Tenía el propósito de no tratar cuestiones profesionales en esta columna, pero ahora que la colusión va a ser un delito y que, como director de una empresa láctea, me he enfrentado a varias acusaciones, me voy a ir preparando para la posibilidad de que alguna vez los jueces se equivoquen y me condenen.
Por ello me propongo hacer algo de academia previa para preparar mi defensa.
Una vez me invitaron a la comisión de Agricultura de la Cámara Baja a que expusiera sobre algún tema lácteo que ya no recuerdo. El tema del precio de la leche saltó inmediatamente. Una honorable, cuyo nombre mantendré en reserva (por eso de que los caballeros no tienen memoria), me miró con esa cara de desprecio que algunos reservan para los empresarios o los abogados y yo soy de los dos. Ella me muestra una botella de agua de nuestra producción y me espeta con cara de arrogante satisfacción respecto de su magnífico descubrimiento: "¿Cómo explica usted que su empresa pague 200 pesos el litro de leche a productor y me cobra por esta botella de agua 400 pesos en el quiosco de acá afuera del Congreso?".
Como esa pregunta sintetiza uno de los vicios de la política -el de la ignorancia temeraria, que no reconoce género ni partido-, es bueno responder públicamente a la honorable.

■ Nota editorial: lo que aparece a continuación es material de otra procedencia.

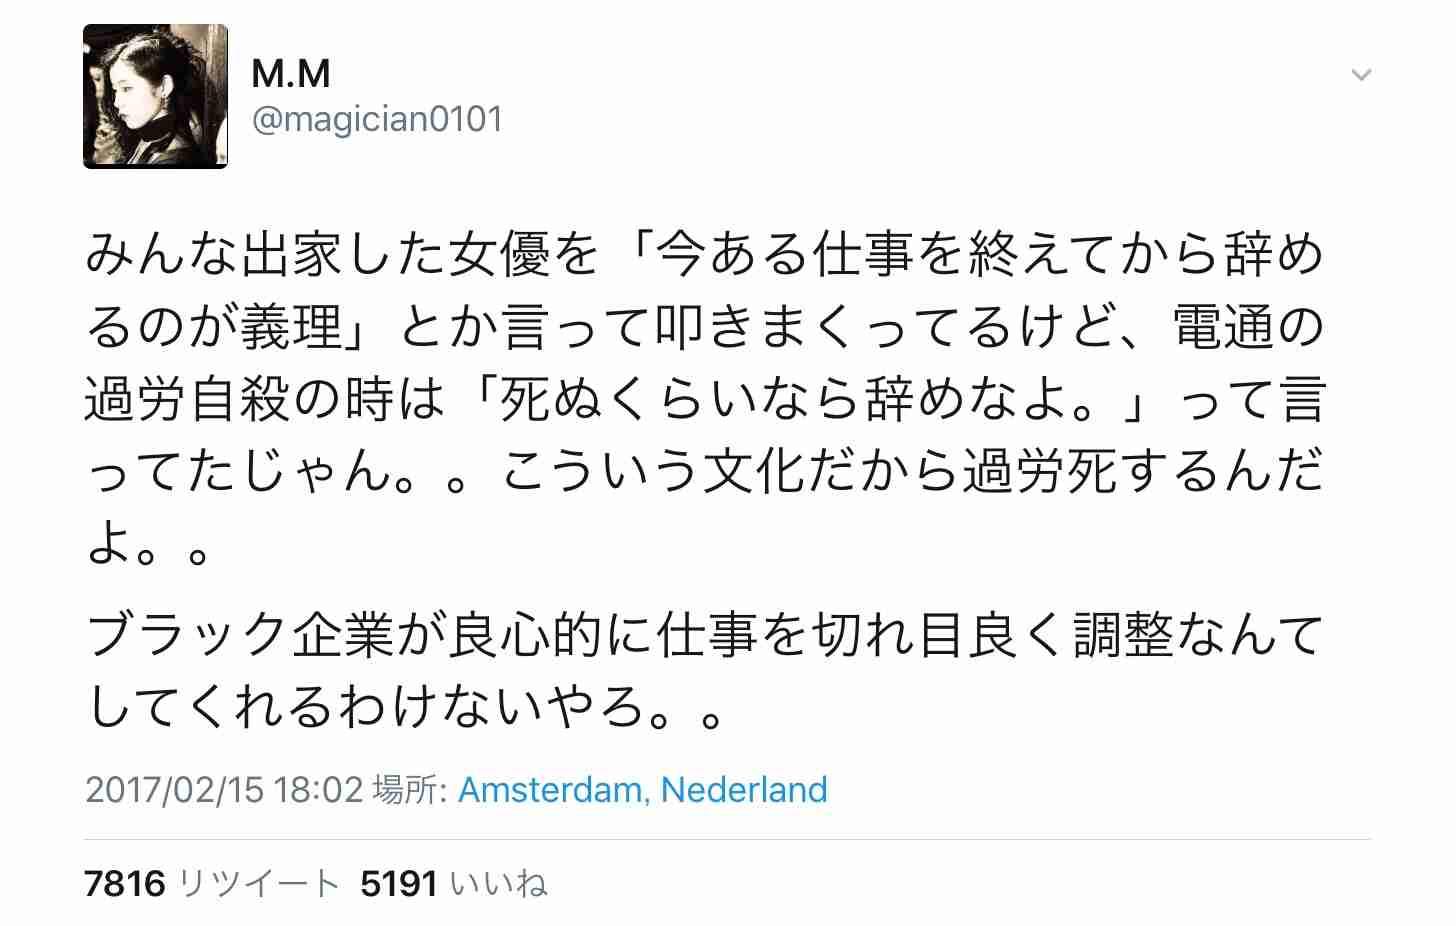 清水富美加 「千眼美子」としての出家本、17日に緊急出版

La diputada ignora los costos asociados con la actividad industrial, tratamiento de riles, logística, distribución, márketing, venta y auditoría. Olvida, además, el IVA y los márgenes de utilidad del fabricante de la botella; del transportista que la distribuye y del quiosco que la vende. Si ella quiere ir con un camión aljibe a comprar agua a nuestra planta, probablemente se la vendamos en 20 pesos el litro y no en 400 pesos la botella de 300 cc.
Lo que ella parece no entender es que el precio del agua embotellada deriva de lo que una película denominó "lo que ellas quieren". La diputada quiere tener agua disponible, a tiro de piedra, cada vez que tenga sed, eso significa distribuirla en todo Chile (100.000 puntos de venta).
Si ella no lo sabe, transportar agua es caro y en botellas más caro. Pero, asimismo, ella quiere que la botella esté helada, para lo cual hay que tener refrigeradores en los puntos de venta, que hay que comprarlos y mantenerlos, pero que además funcionan con energía, que, gracias a las leyes que ella ha promulgado, es carísima.
Pero eso no es todo, también tenemos que lograr que ella elija nuestra botella y no las de la competencia, para lo cual hemos contratado diseñadores y realizado focus groups y encuestas que determinan el color, forma y tamaño del envase que prefieren las consumidoras, como asimismo invertir en posicionar la marca comercial para que ella la reconozca y la valore.
Ese envase, además, se fabrica a base de plástico, que es un derivado del petróleo, que es caro por los impuestos con que ella lo grava cada vez que aprueba una reforma tributaria.
Aparte de ello, hay que contratar a famosos que publiciten el agua, porque los chilenos no queremos tomar cualquier agua, sino la que toman la Tonka, Cecilia o el rey Arturo, lo que requiere de campañas de márketing y publicidad en medios.
Si a eso usted le suma los costos laborales, tributarios, legales (en defendernos de acusaciones infundadas), tramitación de permisos, cambios de fórmulas y rotulación por las nuevas normas de etiquetado y la infinidad de otros costos que ella con su voto ha contribuido a crear para las empresas, ella podrá entender por qué el precio del agua en el pozo o de la leche al pie de la vaca no tiene ninguna relación con el precio del agua o de la leche en el supermercado o quiosco de la esquina.
Finalmente, y aunque a ella le moleste, el propósito de una empresa es lucrar, porque los negocios malos no atraen capital, no contratan trabajadores, no pagan impuestos, no tienen créditos bancarios ni ayudan a las pensiones que dependen de las utilidades de las empresas; por lo que el precio incluye un margen de ganancia (más bien modesto hay que decirlo).
Sin lucro, no hay empresa posible; sin empresa, no queda otra que comerse las vacas o ir a tomar agua a la vertiente.